By Casimer DeCusatis Ph.D.
Some said the world should be in Pearl
Some said in Lisp…
Should we write it all again,
I’d end it with a close-paren
“With apologies to Robert Frost”, from http://xkcd.com/312/
Did you know that in addition to being the premier optical communication conference, OFC is also a great place for software?
While most people associate optics with hardware such as mirrors, lenses, or prisms, OFC 2014 is also a great place to unleash your inner coder. Try searching on “software” at the OFC homepage and you’ll get hundreds of hits; in this blog, I’ll mention just a few of them and hopefully arouse your interest in learning more at the conference this coming March.
For those of you interested in optical access networks, software is either the next big thing or the current big fad.
You’ll have a chance to weigh in on this question at the workshop on SDN Optical Access: Hope or Hype? Audience participation is strongly encouraged as we debate the technical, economic, and philosophical view of next generation software defined access networks. Can we finally enable true on-demand service provisioning in minutes rather than days or weeks? Or is it simply too complicated and expensive to build out any real opportunities in this area? Come see the latest proofs of concept from industry and academic leaders, and you be the judge.
Nobody wants to experiment with their production network, so you’ll need a good simulation model to determine the impact of any changes before you make them.

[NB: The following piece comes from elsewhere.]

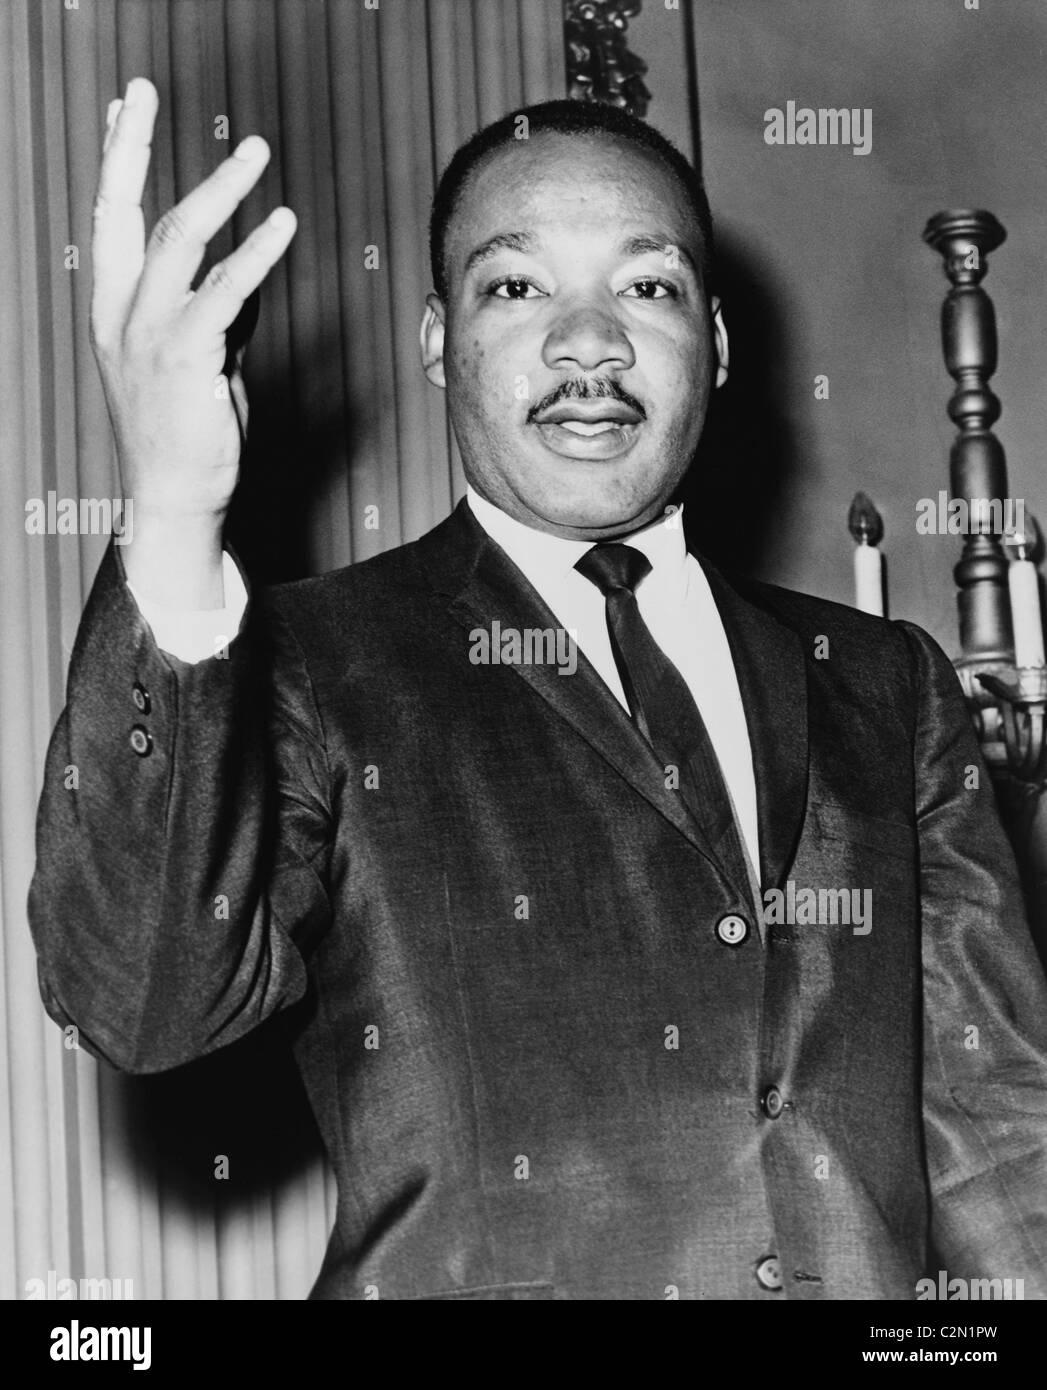 Il dott. Martin Luther King Jr. Foto Stock

Not sure which software to choose as you try to automate and optimize your network? Consider a short course on network optimization as a first step. You can learn about network and traffic modeling principles, including design for 100G – 400G data rates, robustness, and energy efficiency. Then continue to discuss optimization fundamentals, such as linear programming, mixed-integer programming, heuristic modeling, and branch-and-bound algorithms. You’ll learn how these techniques can be applied to solve problems related to network topology design, resilience, and wavelength routing/assignment in large scale networks. Understanding these technologies is the first step to selecting an appropriate modeling system that meetings your budget and technical requirements.
Any discussion of software has to include one of the hottest topics this year, replacing physical appliances such as network firewalls and load balancers with code.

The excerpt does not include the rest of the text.